Additionally, Chambliss and Lincoln requested the Federal Maritime Commission to identify steps it is taking to address these issues, including the ability to penalize carriers for egregious practices.

Text of the letter is below.

June 15, 2010

The Honorable Richard A. Lidinsky, Jr.
Chairman
Federal Maritime Commission
800 North Capitol Street, N.W.
Washington, D.C. 20573

Dear Chairman Lidinsky:
We write to express our concern with reports that U.S. agricultural exporters are experiencing serious service issues with the foreign-flagged ocean carrier industry. The problem is prevalent from all major domestic ports to all major trade lanes. These service problems threaten agriculture's ability to expand overseas sales and boost incomes.

As you know, President Obama has launched a National Export Initiative aimed at doubling U.S. exports over the next five years and as noted in a recent report from the Department of Agriculture and Department of Transportation, agriculture products represents a significant share of bulk and container trade. Agricultural exports will continue to have a significant role in the success of this initiative and future growth in rural America. In FY 2009, the value of U.S. agricultural exports reached $96.6 billion and supported approximately one million jobs both on and off the farm. As 96 percent of the world's consumers live outside the United States, there is still great potential to further increase the value of our agricultural exports.

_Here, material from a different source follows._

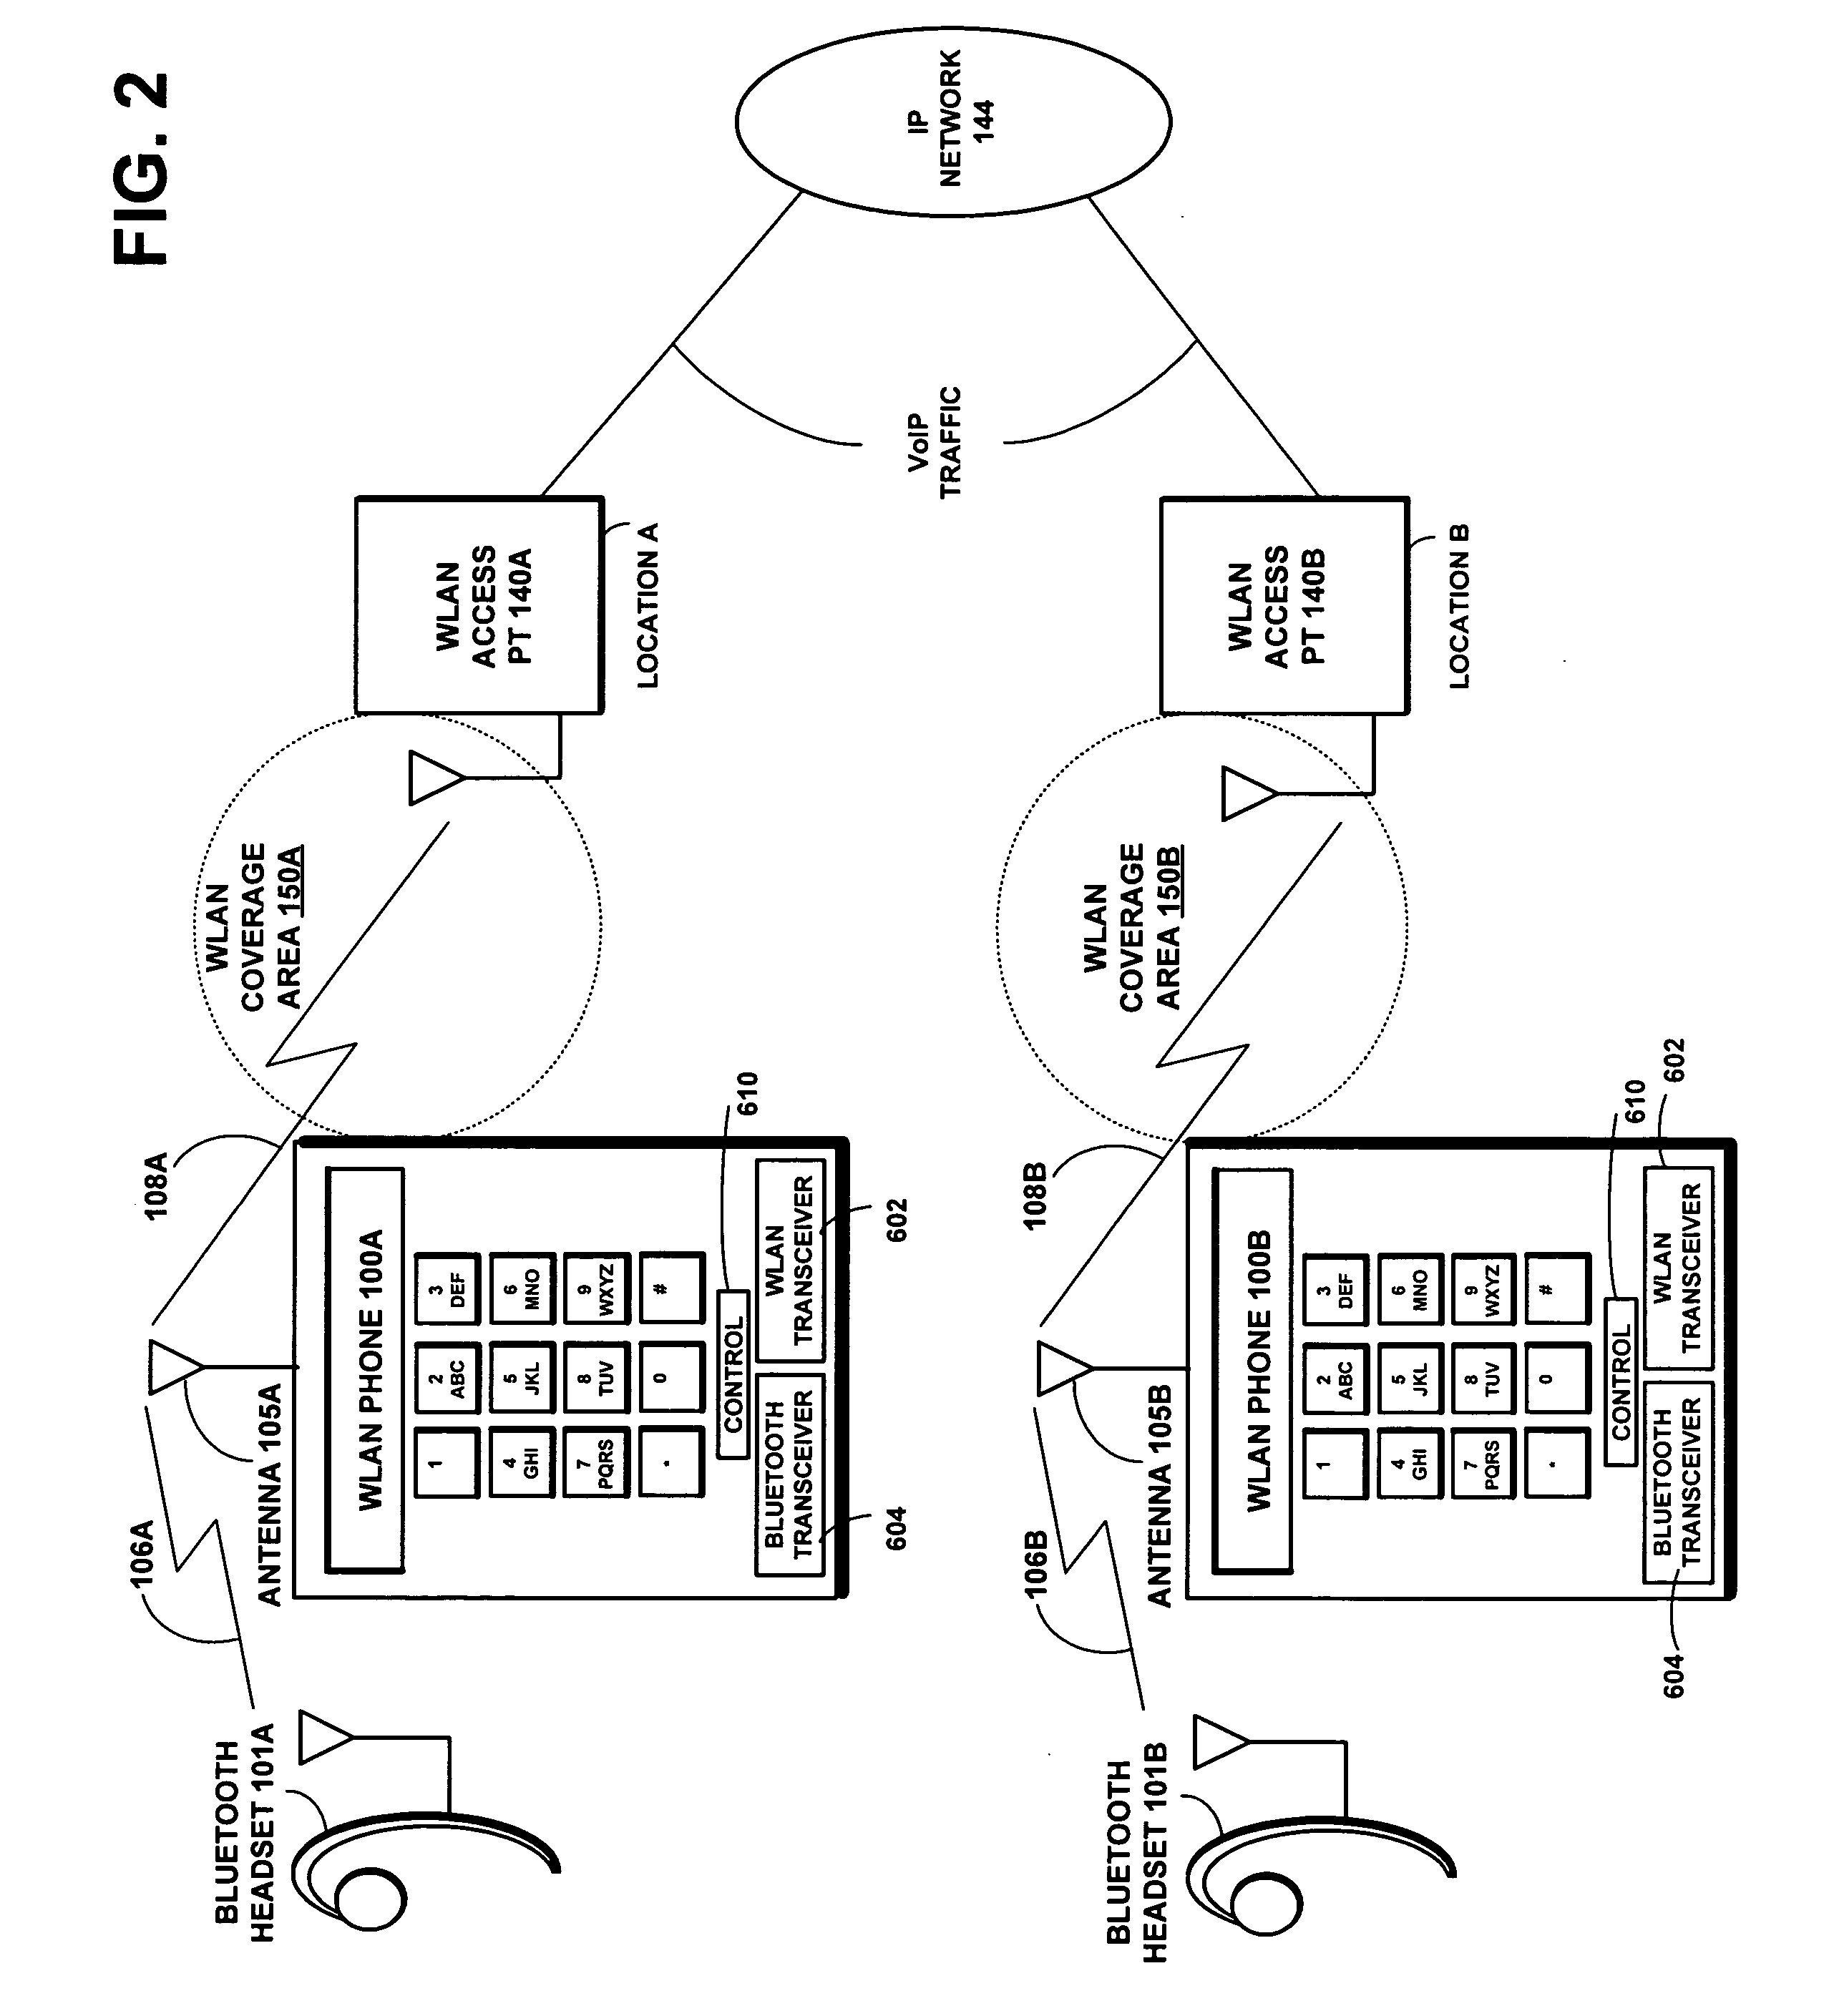 Method and system for VoIP over WLAN to Bluetooth headset using advanced eSCO scheduling

However, the ability of our agricultural exporters to expand markets abroad is dependent on adequate ocean-going vessel capacity and container availability at inland locations. If this critical link in the export chain does not function fairly or efficiently, our shippers will be unable to get agricultural products to key overseas markets. This will not only cost U.S. farmers and ranchers new export opportunities, but could cost them existing overseas customers.

According to constituent reports and recent media stories, U.S. exporters may be forced to wait as long as a month to secure space on an ocean carrier compared to earlier wait times of about a week. In some parts of the country, obtaining the necessary containers, which are ultimately loaded onto a carrier vessel, is becoming increasingly difficult as well.

These service interruptions, along with frequent rate hikes, are occurring despite the fact that most U.S. shippers enter into 12-month service contracts with the ocean carriers for fixed rates during the period. These contracts are supposed to ensure that the carriers will provide the necessary weekly equipment and vessel space consistent with each individual agreement. Unfortunately, it has come to our attention that carriers are now routinely failing to honor these contracts. Such breaches lead to increased costs for U.S. agricultural exporters and, in some cases, lost export opportunities.

It is our hope that the global economic recovery and improvements in fleet capacity will mitigate future problems. In the meantime, we are keenly interested in the steps the Federal Maritime Commission is now taking to address these issues. We applaud your announcement on March 17, 2010, of an official investigation into space and equipment shortages and look forward to the results of this inquiry. We would also appreciate your perspective concerning the specific authorities that the Commission has available to ensure the ocean carriers' honor their service contracts with U.S. shippers, including the ability to penalize carriers for egregious practices. If you lack such tools, we would welcome a discussion of ways to potentially strengthen the Commission's authority with the carriers.

U.S. agricultural exporters are excellent customers for the ocean carriers and deserve consistent service that is fair to all parties. We must insist that the carriers be good partners with U.S. agricultural exporters so that we can continue to expand overseas markets. We appreciate your attention to this request and look forward to working with you on this critical issue.